Start of Dataset
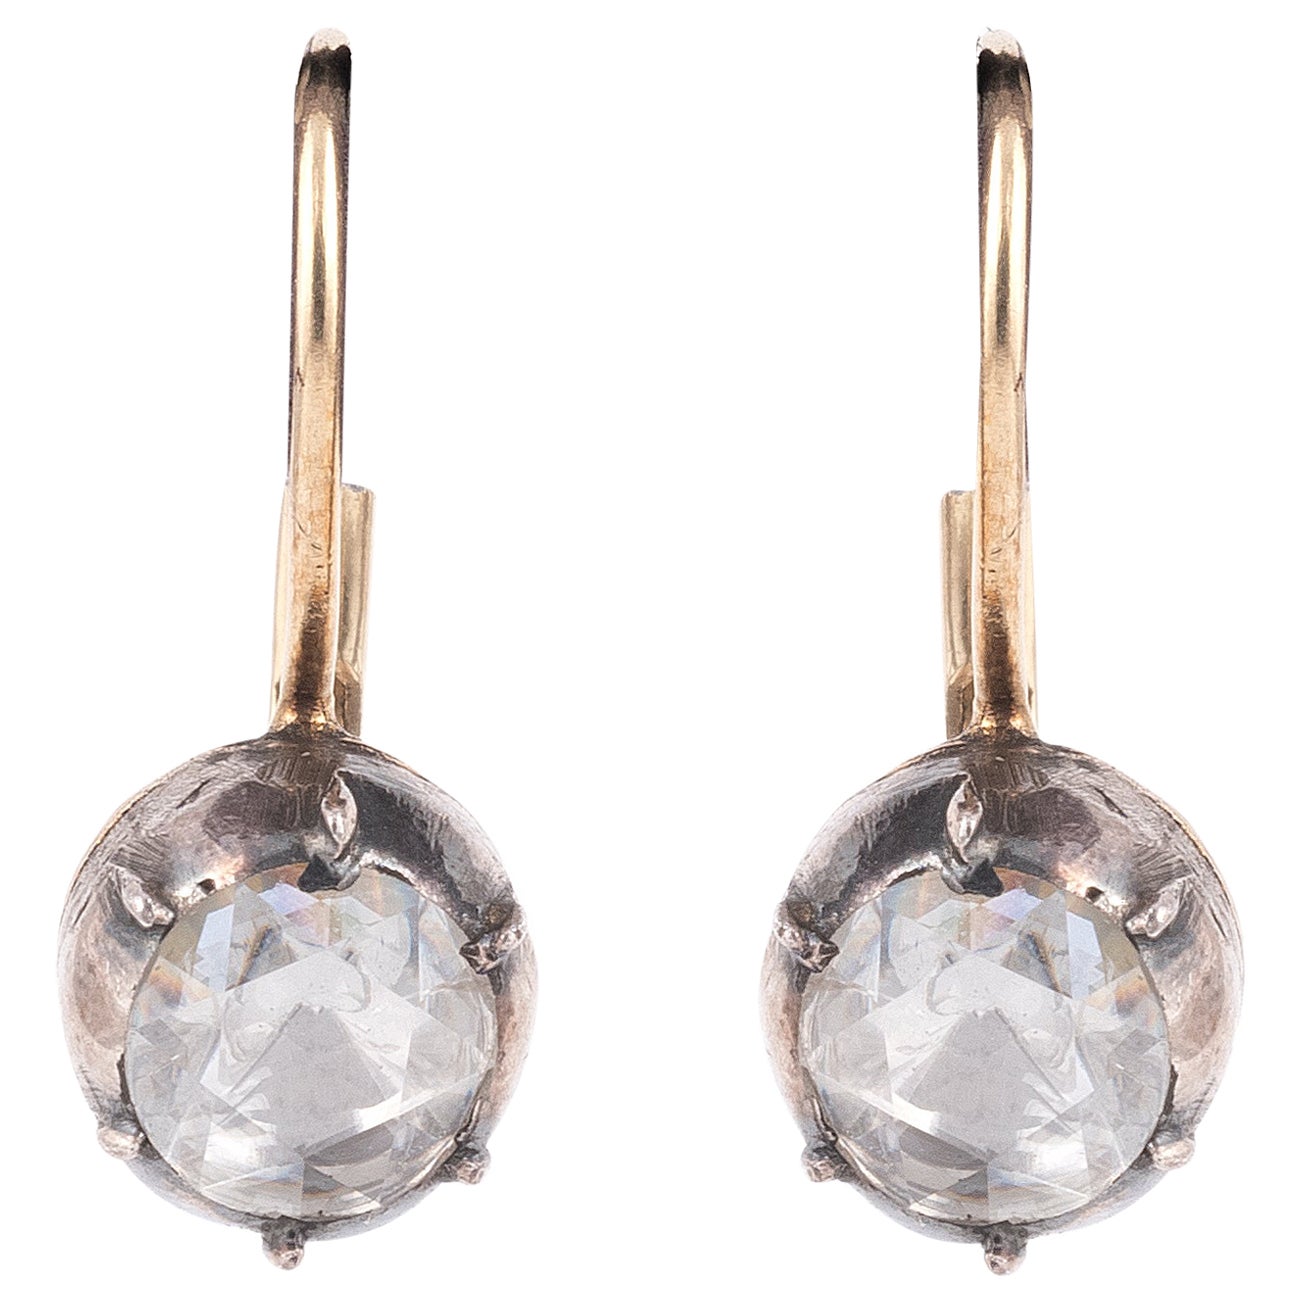 Ein Paar Ohrringe aus Silber und 18-karätigem Gelbgold mit verblendeten Diamanten im Rosenschliff.
Bruttogewicht : 3,21 gr. (System mit durchstochenen Ohren)
Diamantdurchmesser: 5,20 (0,50 Karat pro Stück). 
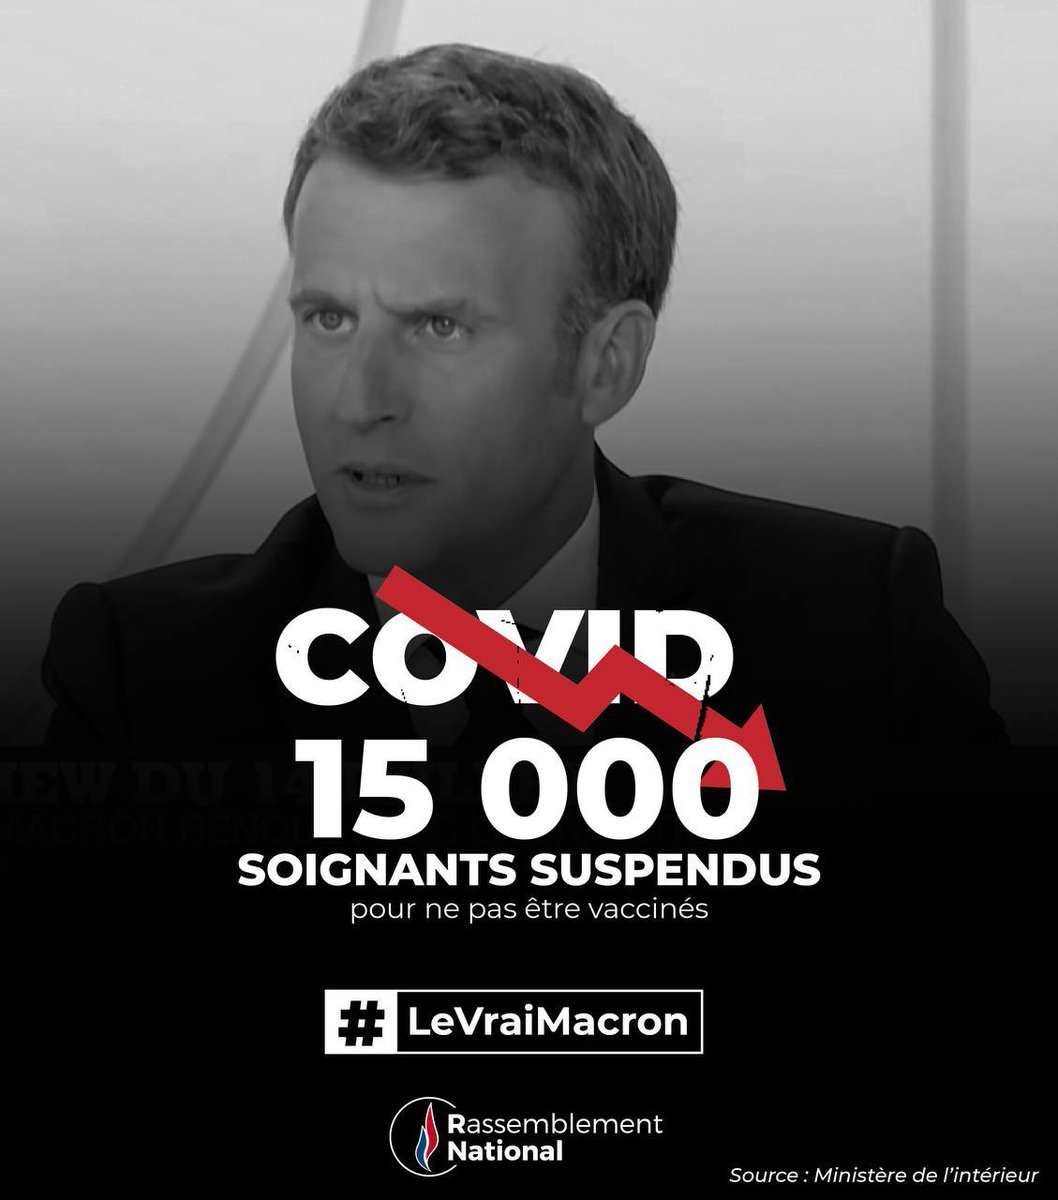 Nos #Soignants ont payés le prix de la #Covid_19.
Considérés en héros, applaudis chaque soir puis suspendus.

Voilà #LeVraiMacron, #LeVraiBilan ! 

#macron20h 
#soignantssuspendus
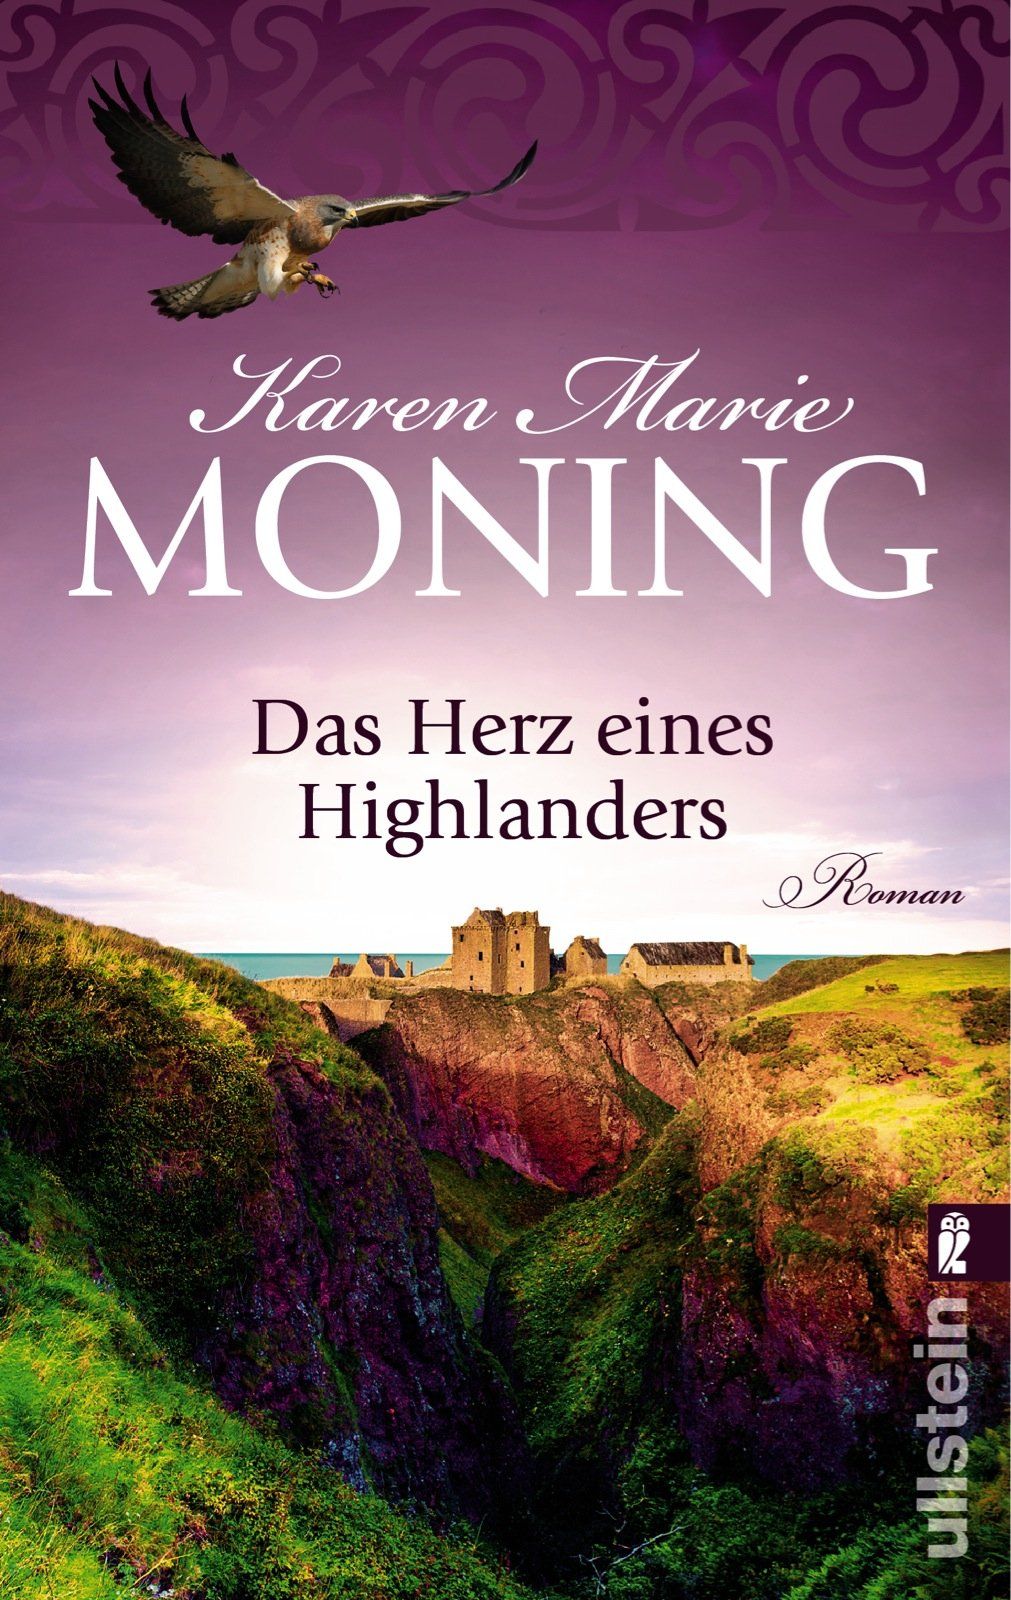 Das Herz eines Highlanders Roman - Moning, Karen Marie
End of Dataset
▶ Task to carry out:
Nothing in the entries above should change when they are printed again, except that the pictures are dropped.

▶ Exercise answer:
 Ein Paar Ohrringe aus Silber und 18-karätigem Gelbgold mit verblendeten Diamanten im Rosenschliff.
Bruttogewicht : 3,21 gr. (System mit durchstochenen Ohren)
Diamantdurchmesser: 5,20 (0,50 Karat pro Stück). 
 Nos #Soignants ont payés le prix de la #Covid_19.
Considérés en héros, applaudis chaque soir puis suspendus.

Voilà #LeVraiMacron, #LeVraiBilan ! 

#macron20h 
#soignantssuspendus
 Das Herz eines Highlanders Roman - Moning, Karen Marie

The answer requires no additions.